Data Preprocessing
Lesson 5: Data Preprocessing
Raw data is not directly suitable for machine learning models. In this lesson, we clean missing values, create meaningful features, and convert categorical variables into numerical format so the churn prediction model can learn effectively.
a. Fixing Missing Values
First, we ensure that the TotalCharges column is numeric and handle missing values.
Code:
# Convert TotalCharges to numeric
df['TotalCharges'] = pd.to_numeric(df['TotalCharges'], errors='coerce')
# Check missing values
print("Missing values per column:")
print(df.isnull().sum())
# Drop rows with missing TotalCharges
df = df.dropna(subset=['TotalCharges'])
Output:
- Displays the number of missing values in each column.
- Removes rows where TotalCharges was missing.

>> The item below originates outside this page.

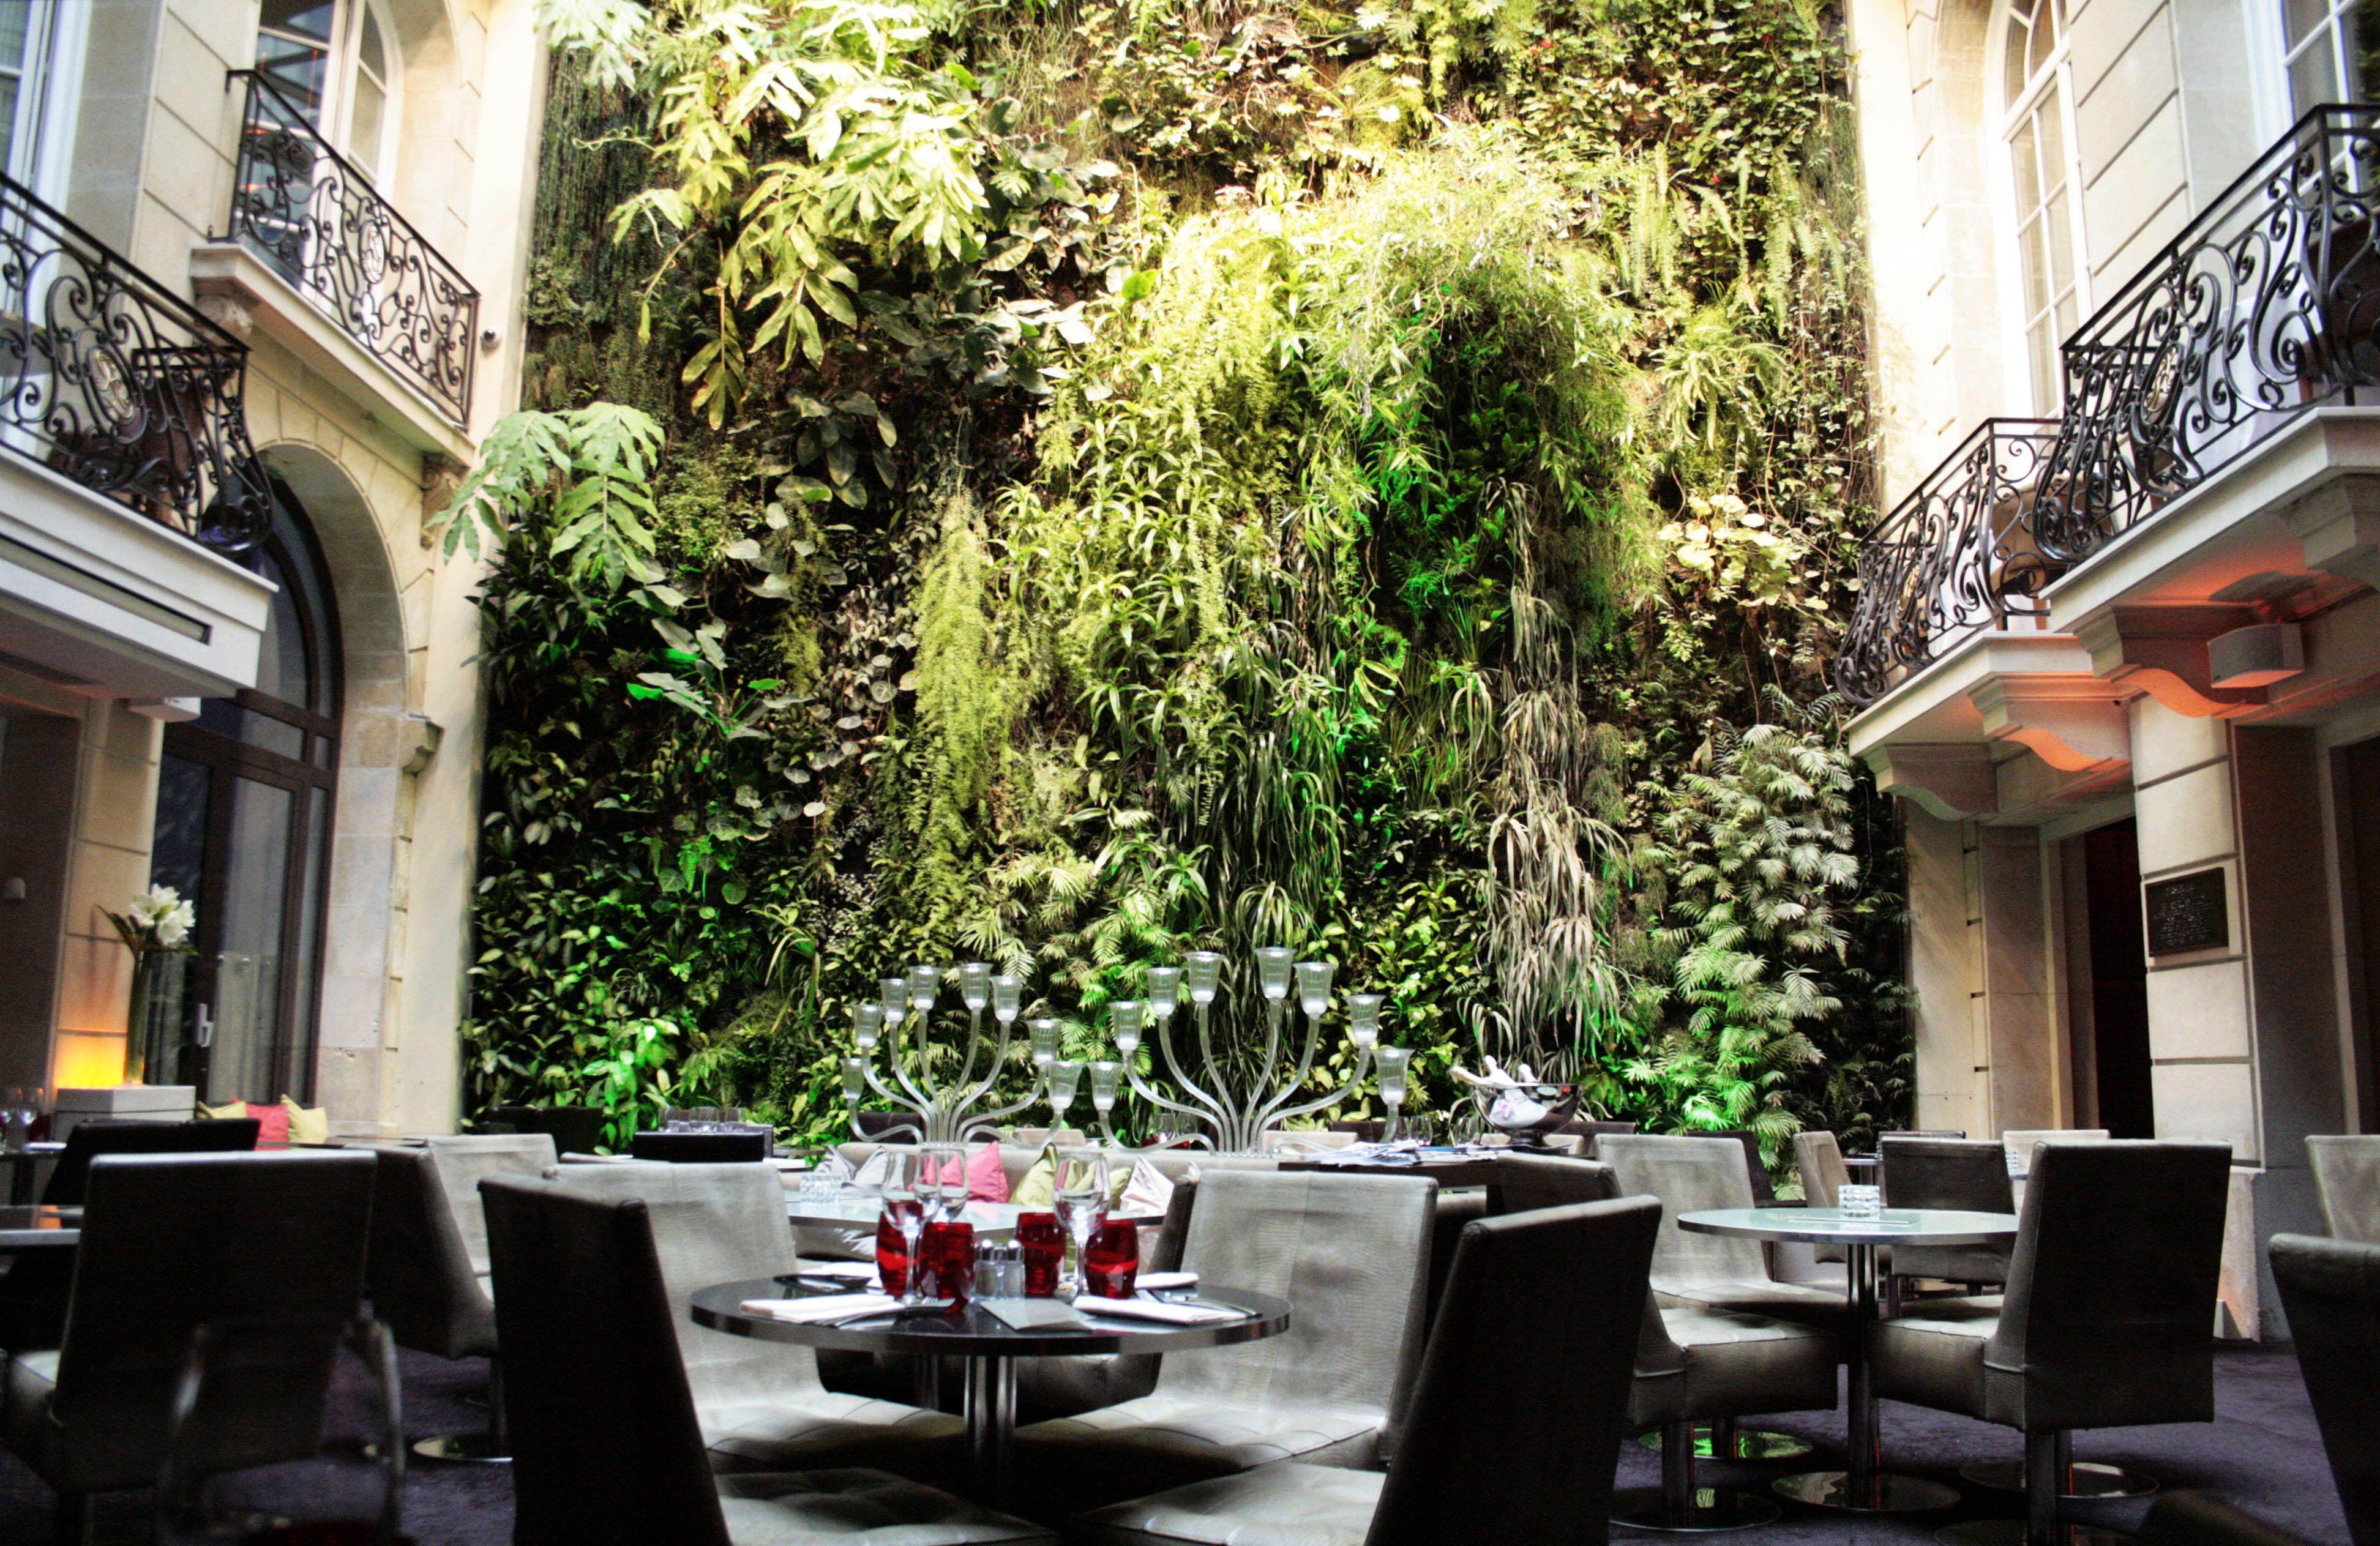 Restaurant Avec Mur Vegetal Paris

This ensures the dataset is clean and ready for feature engineering.
b. Feature Engineering
Next, we create new features to improve model performance.
Code:
# Tenure buckets
def tenure_group(tenure):
if tenure <= 12:
return '0-12'
elif tenure <= 24:
return '12-24'
elif tenure <= 48:
return '24-48'
else:
return '48+'
df['TenureGroup'] = df['tenure'].apply(tenure_group)
# Average monthly spend
df['AvgMonthlySpend'] = df['TotalCharges'] / (df['tenure'].replace(0, 1))
# Service count
services = ['PhoneService','MultipleLines','InternetService','OnlineSecurity',
'OnlineBackup','DeviceProtection','TechSupport','StreamingTV','StreamingMovies']
df['ServiceCount'] = df[services].apply(lambda x: sum(x == 'Yes'), axis=1)
# Payment stability
df['PaymentStability'] = df['PaymentMethod'].apply(
lambda x: 'Automatic' if 'automatic' in x.lower() else 'Manual'
)
Output:
- Creates new columns: TenureGroup, AvgMonthlySpend, ServiceCount, and PaymentStability.
These engineered features help the model better understand customer behavior patterns.
c. Encoding Categorical Variables
Machine learning models require numerical input, so we convert categorical columns into numbers.
Code:
from sklearn.preprocessing import LabelEncoder
# Encode binary categorical columns
binary_cols = ['gender','Partner','Dependents','PhoneService',
'PaperlessBilling','Churn','PaymentStability']
le = LabelEncoder()
for col in binary_cols:
df[col] = le.fit_transform(df[col])
# One-hot encode multi-class categorical columns
multi_cols = ['MultipleLines','InternetService','OnlineSecurity','OnlineBackup',
'DeviceProtection','TechSupport','StreamingTV','StreamingMovies',
'Contract','PaymentMethod','TenureGroup']
df = pd.get_dummies(df, columns=multi_cols, drop_first=True)
Output:
- Binary columns are converted to 0 and 1.
- Multi-class columns are transformed into multiple dummy variables.
After these preprocessing steps, the dataset becomes fully numerical and ready for model training.